Canadian explorer Skyharbour Resources (TSX-V: SYH) has inked a cash and shares deal to acquire an initial 51% stake in Rio Tinto’s (ASX: RIO) Russell Lake uranium project, in the Canadian province of Saskatchewan.
The Vancouver-based miner has the option of becoming the sole owner of the property, which is in the uranium-rich Athabasca basin, between two of Orano Mining’s properties and near Cameco’s (TSX: CCO) (NYSE: CCJ) Key Lake and McArthur River assets.
Russell Lake is also next to Skyharbour’s flagship Moore project, which makes it especially attractive, the junior said.
“Uranium properties with the pedigree and prospectivity of Russell Lake are few and far between,” president and CEO Jordan Trimble said in the statement. “[It is in a] very strategic location, notable historical exploration and findings, as well as the numerous property-wide targets with the potential to generate new discoveries,” he said.

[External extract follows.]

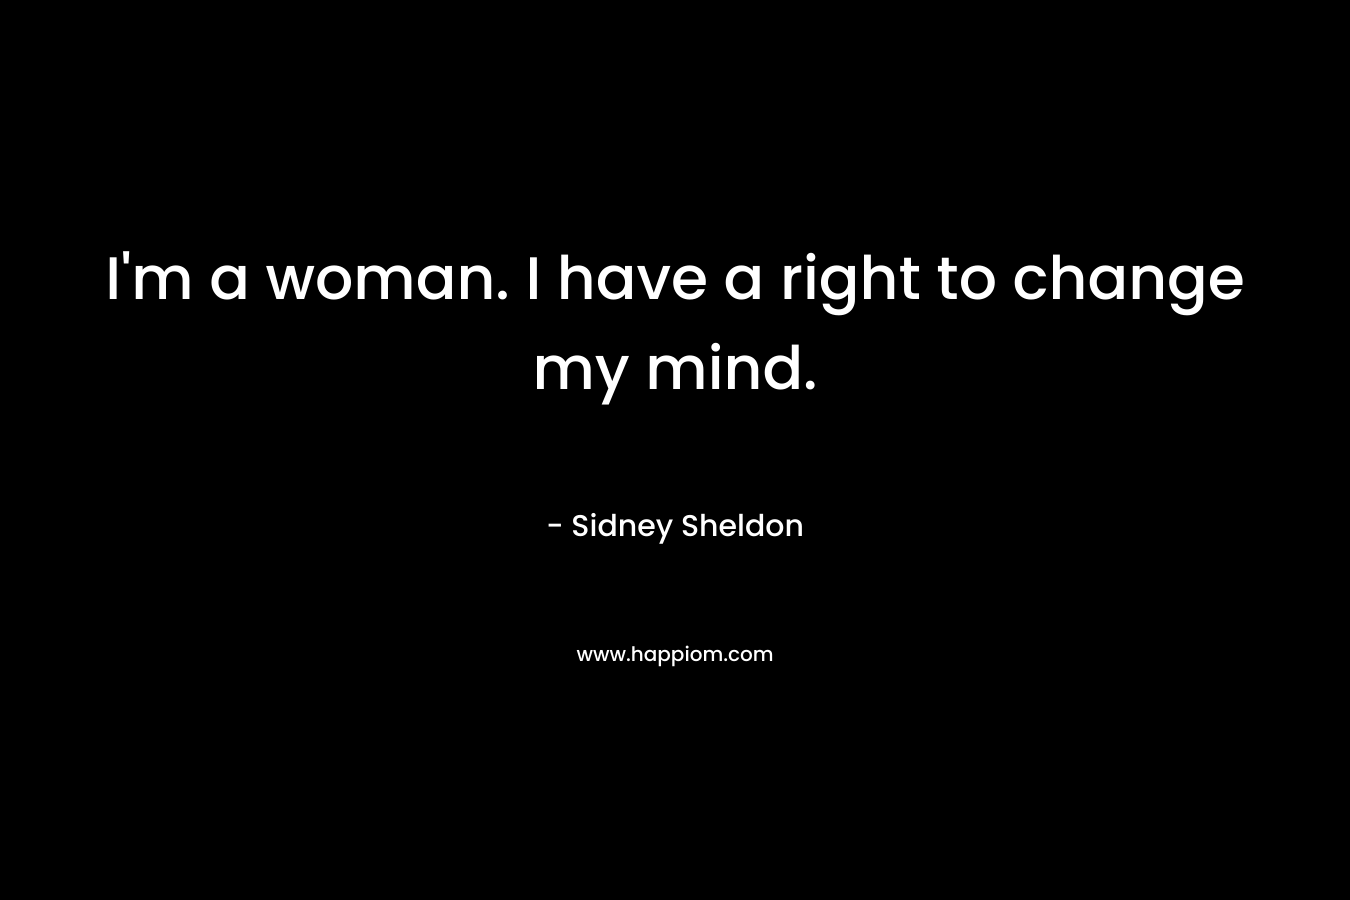 I'm a woman. I have a right to change my mind.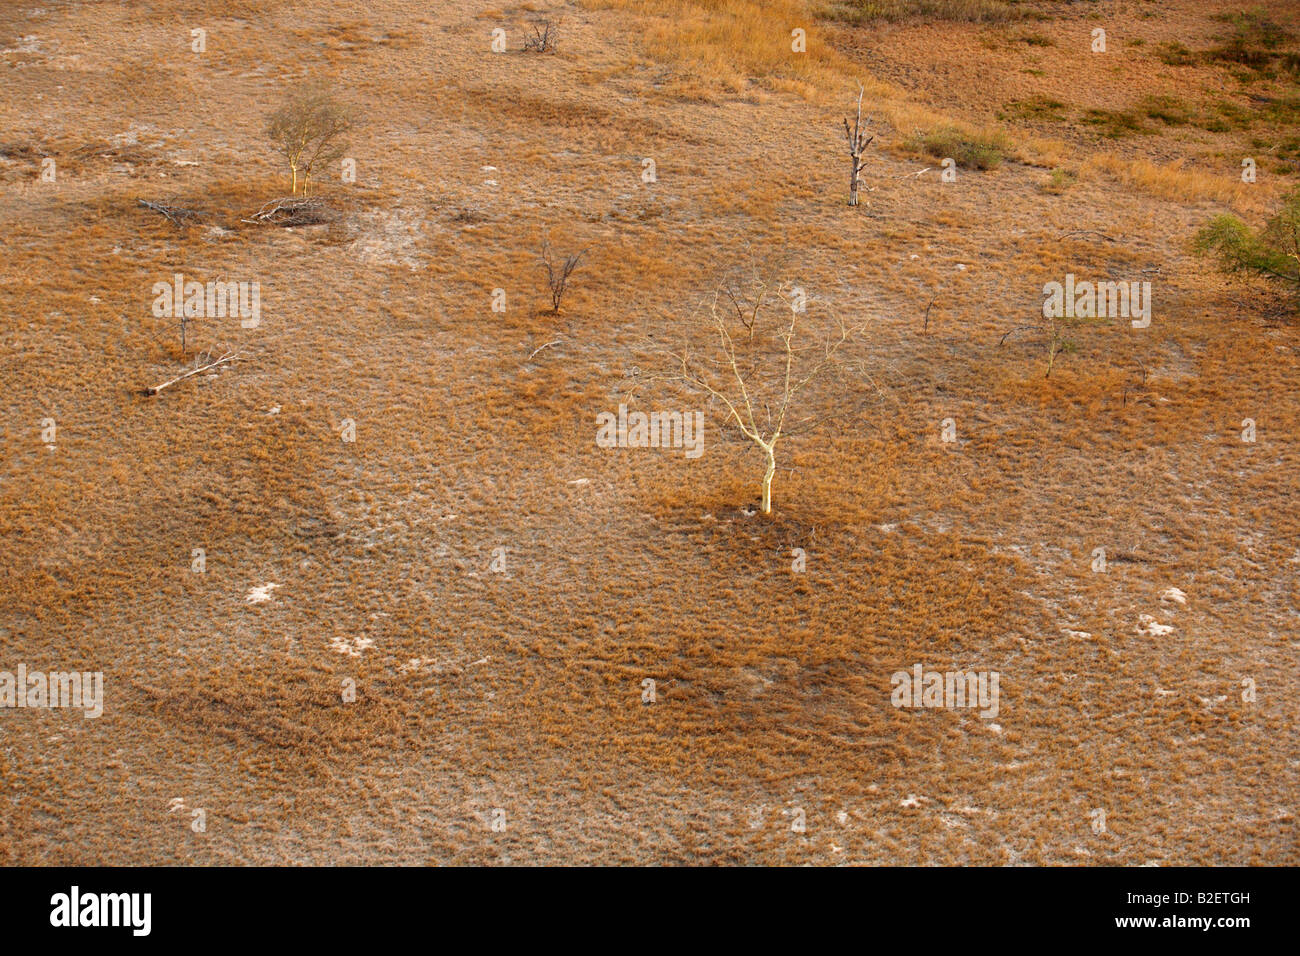 Aerial view of a lone Fever tree (Acacia xanthophloea) surrounded by tufted veld grass Stock Photo

Under the terms of the agreement, Skyharbour can earn a 51% stake in Russell Lake via a cash payment of $500,000 and the issuance of 3.6 million shares, along with $5.7 million in exploration spend over three years.
An additional 19% may then be earned via a $1.6 million cash payment or the issuance of 2.2 million shares, and $6.4 million in exploration spend over two years.
Skyharbour can then earn the remaining 30% interest in the property by paying to Rio Tinto $33 million in cash or via 42.6 million shares of the company, provided Rio’s ownership doesn’t exceed 19.9% of Skyharbour.
While there has been historical exploration carried out at the Russell Lake, the junior noted that most of it happened before 2010.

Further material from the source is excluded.